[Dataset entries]

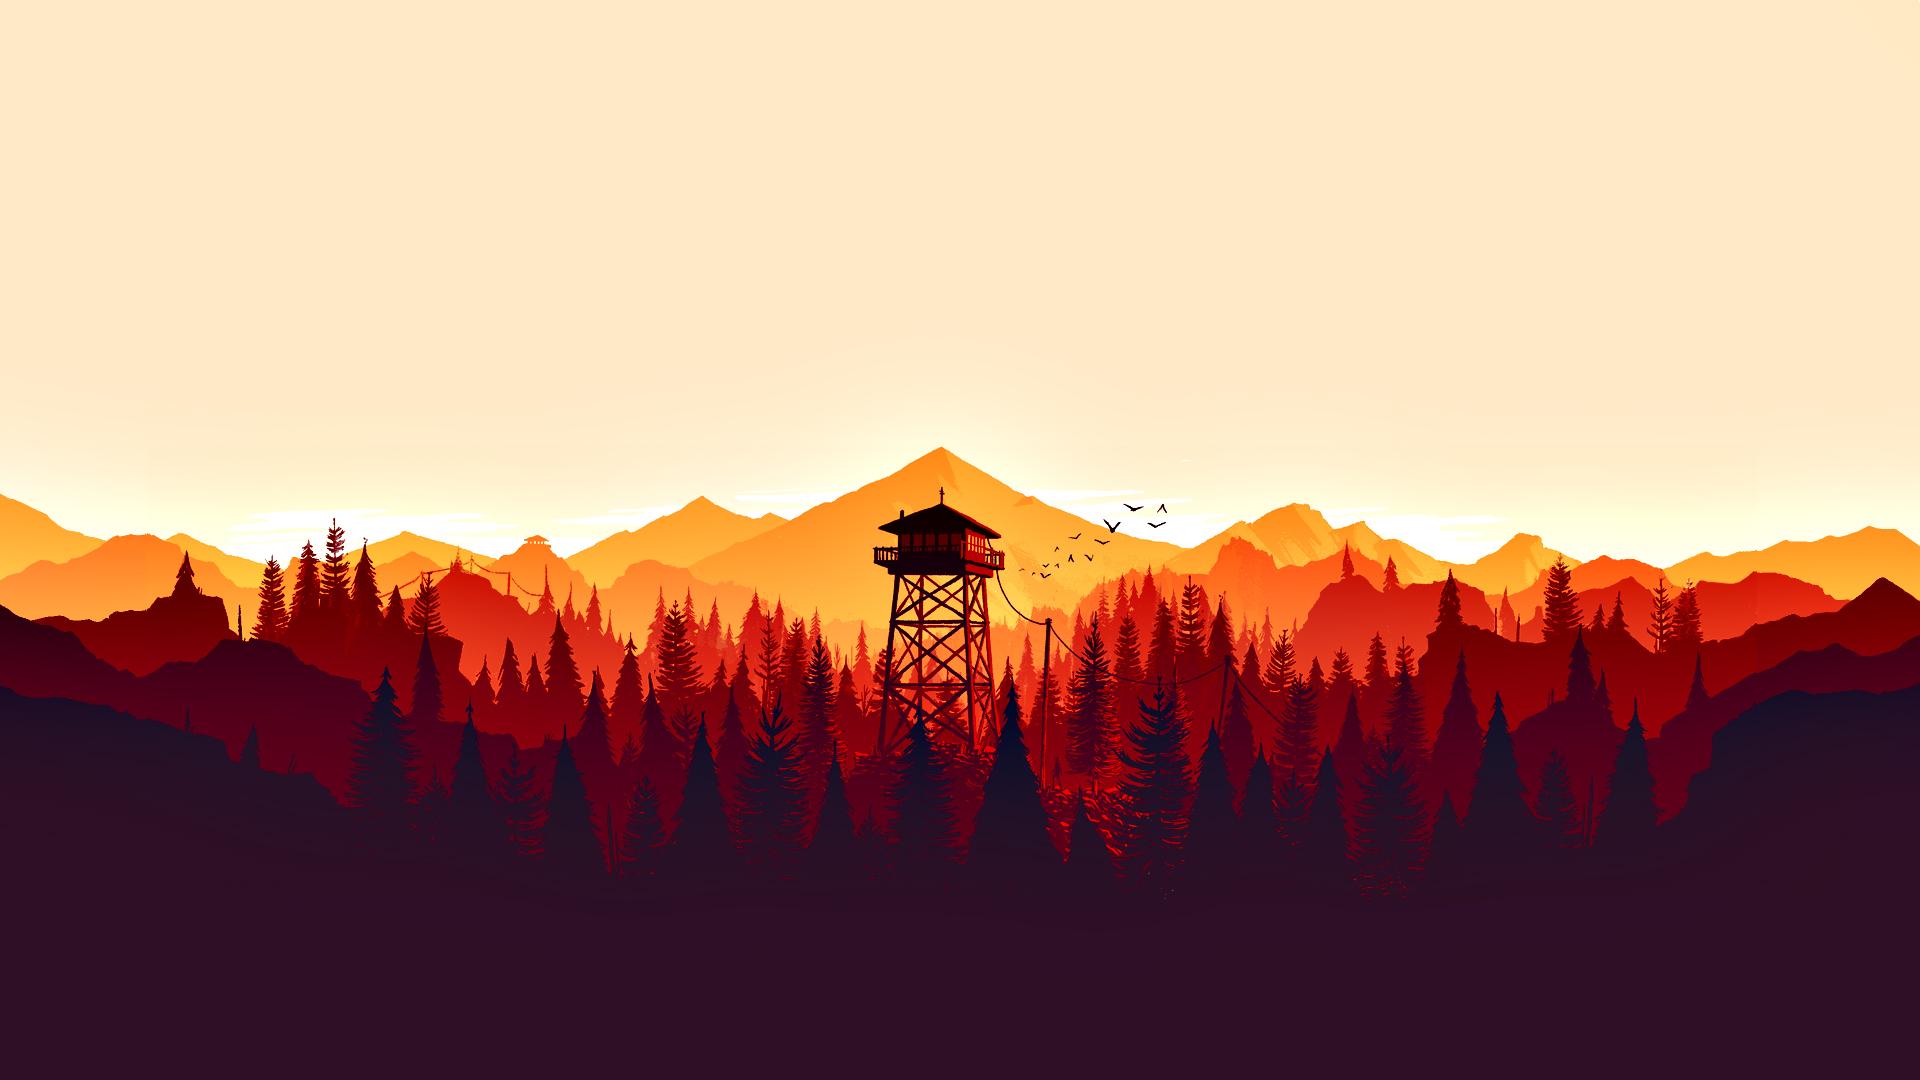 Firewatch Video Games Forest Fire Lookout Tower Minimalism Digital Art Colorful Lan Desktop Wallpaper Art Minimal Wallpaper Minimalist Wallpaper
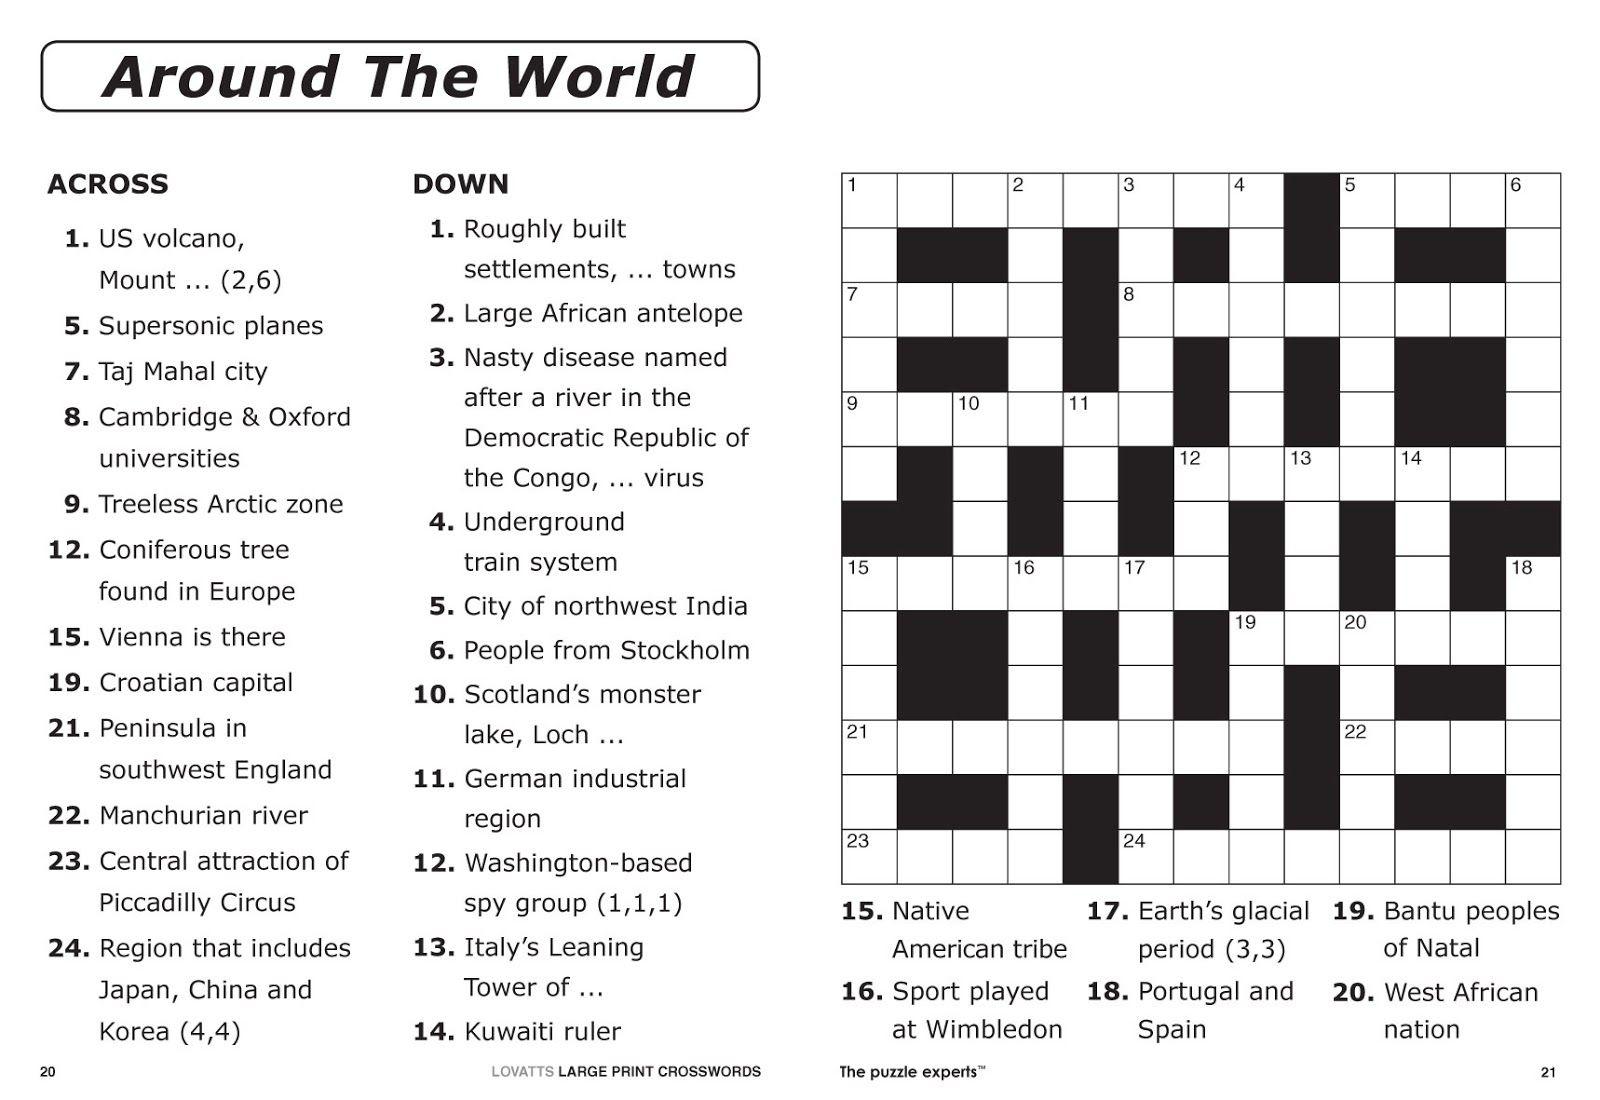 Easy Printable Crossword Puzzles | Elder Care & Dementia Care - Large Print Crossword Puzzle Books For Seniors
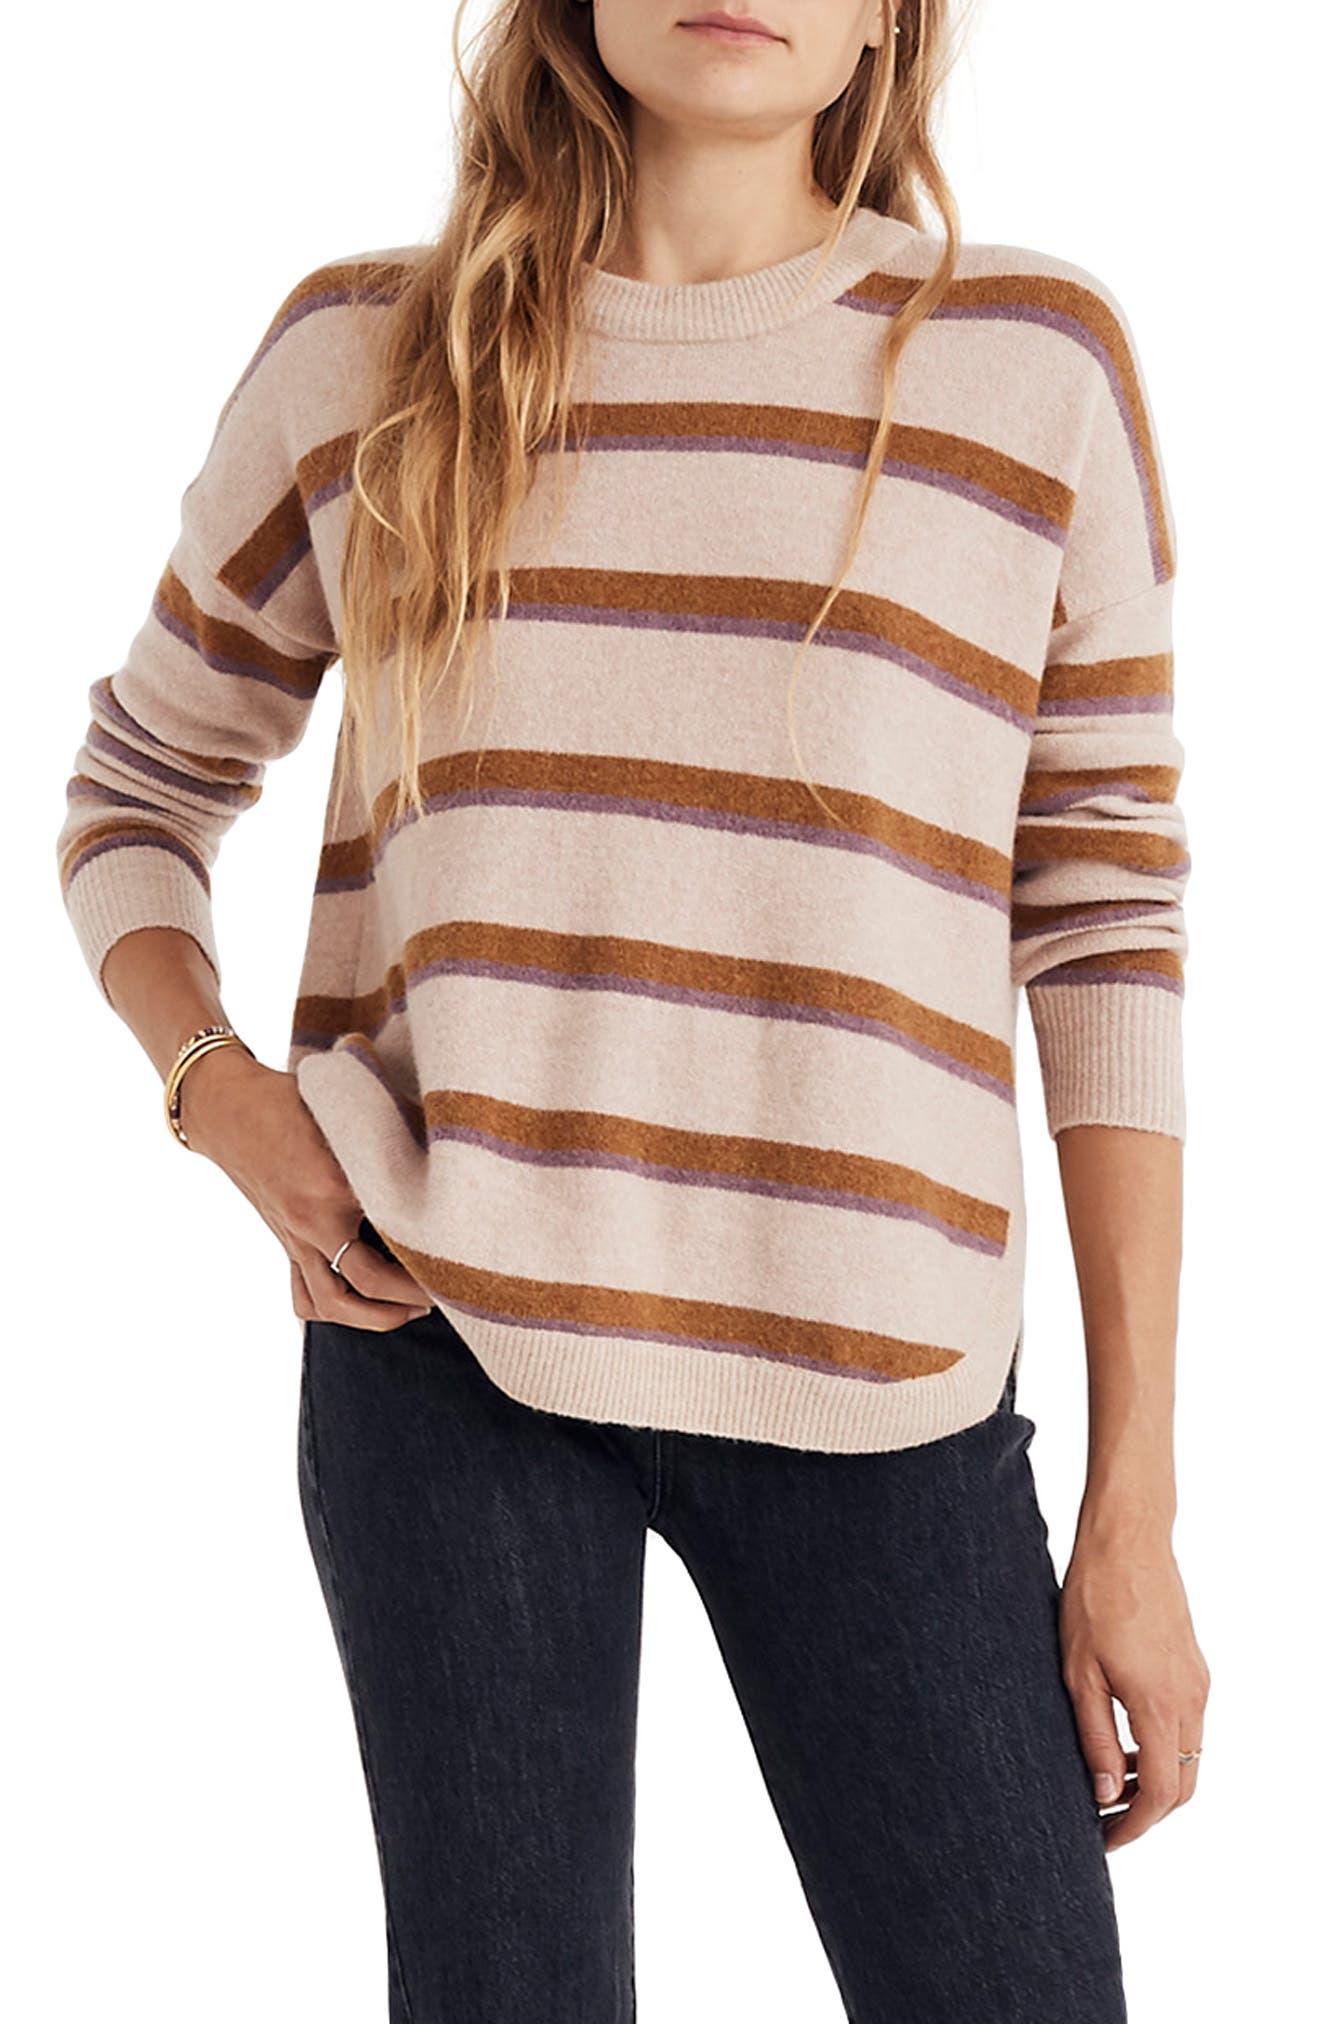 Westlake regular Striped Sweater Pullover Yarn Size In Coziest Madewell amp; Plus 7wZBq7
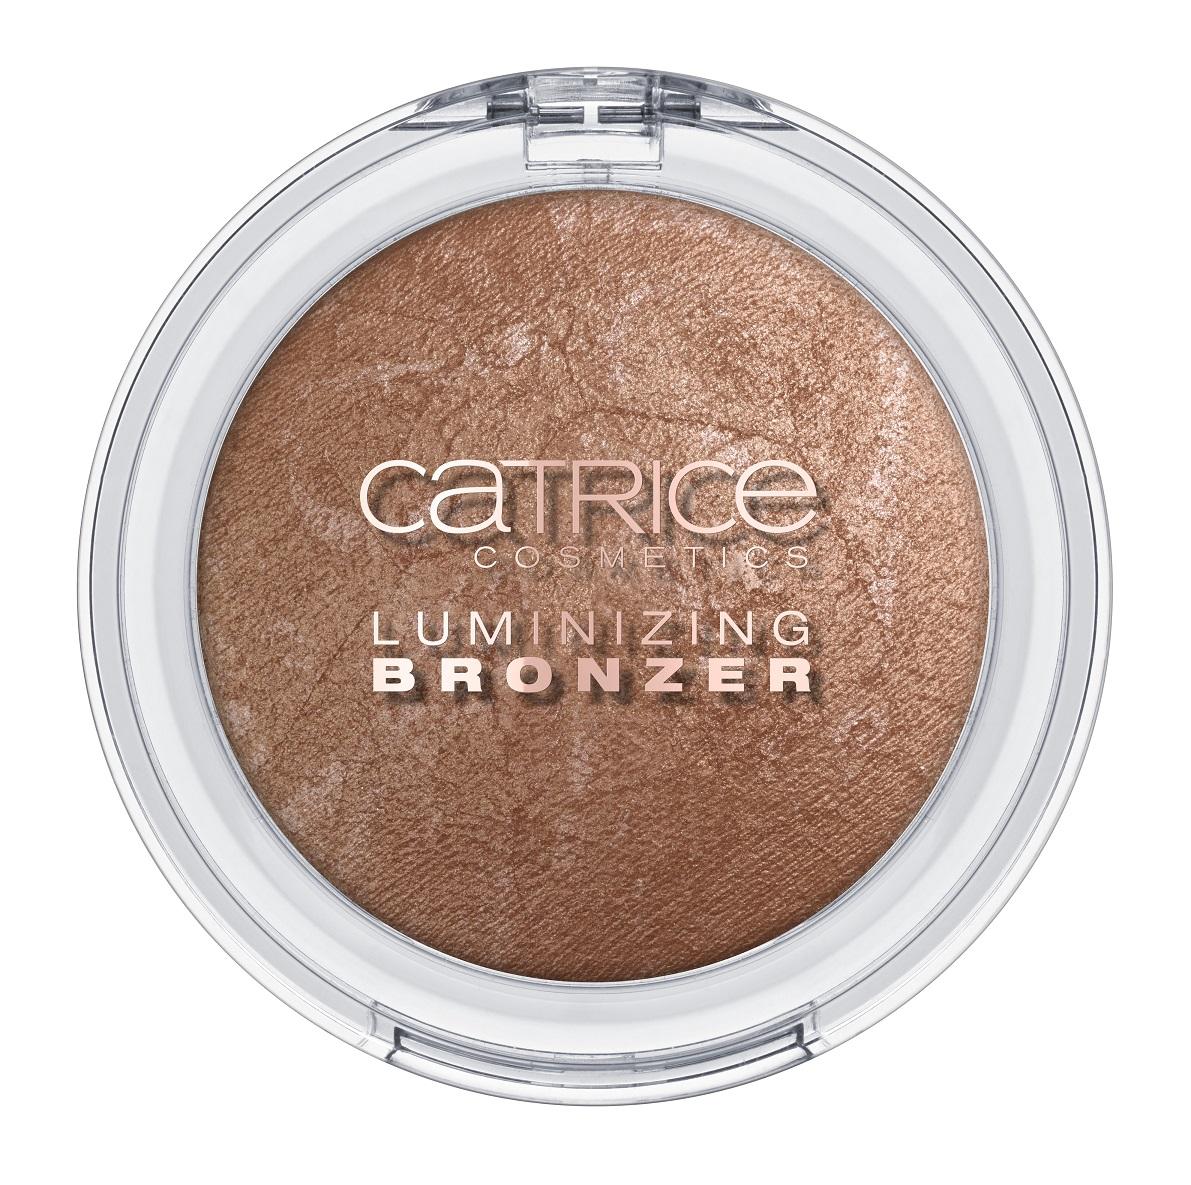 Metallure by CATRICE – Luminizing Bronzer
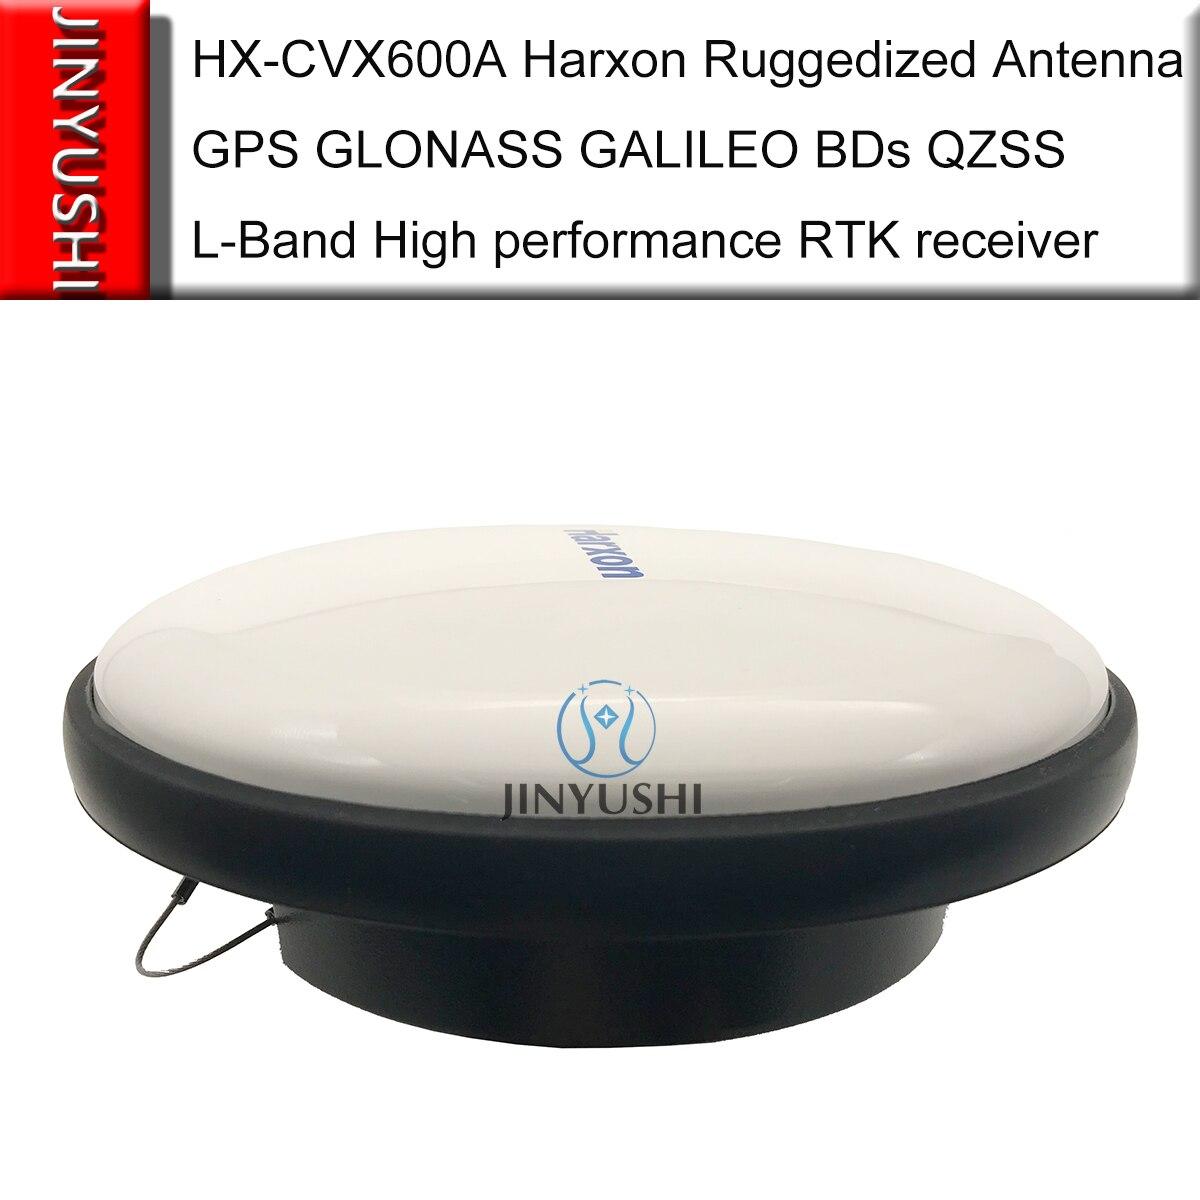 HX-CVX600A هاركسون هوائي قوي لتحديد المواقع L1 L2 L5 غلوناس غاليليو BDs QZSS L-الفرقة عالية الأداء GNSS مسح RTK المتلقي

▸ **Task details**
For this exercise, set down exactly the lines that run from the line holding "Westlake regular Striped" to the last line of the records above; include both end lines and omit pictures.

▸ **Your solution**
 Westlake regular Striped Sweater Pullover Yarn Size In Coziest Madewell amp; Plus 7wZBq7
 Metallure by CATRICE – Luminizing Bronzer
 HX-CVX600A هاركسون هوائي قوي لتحديد المواقع L1 L2 L5 غلوناس غاليليو BDs QZSS L-الفرقة عالية الأداء GNSS مسح RTK المتلقي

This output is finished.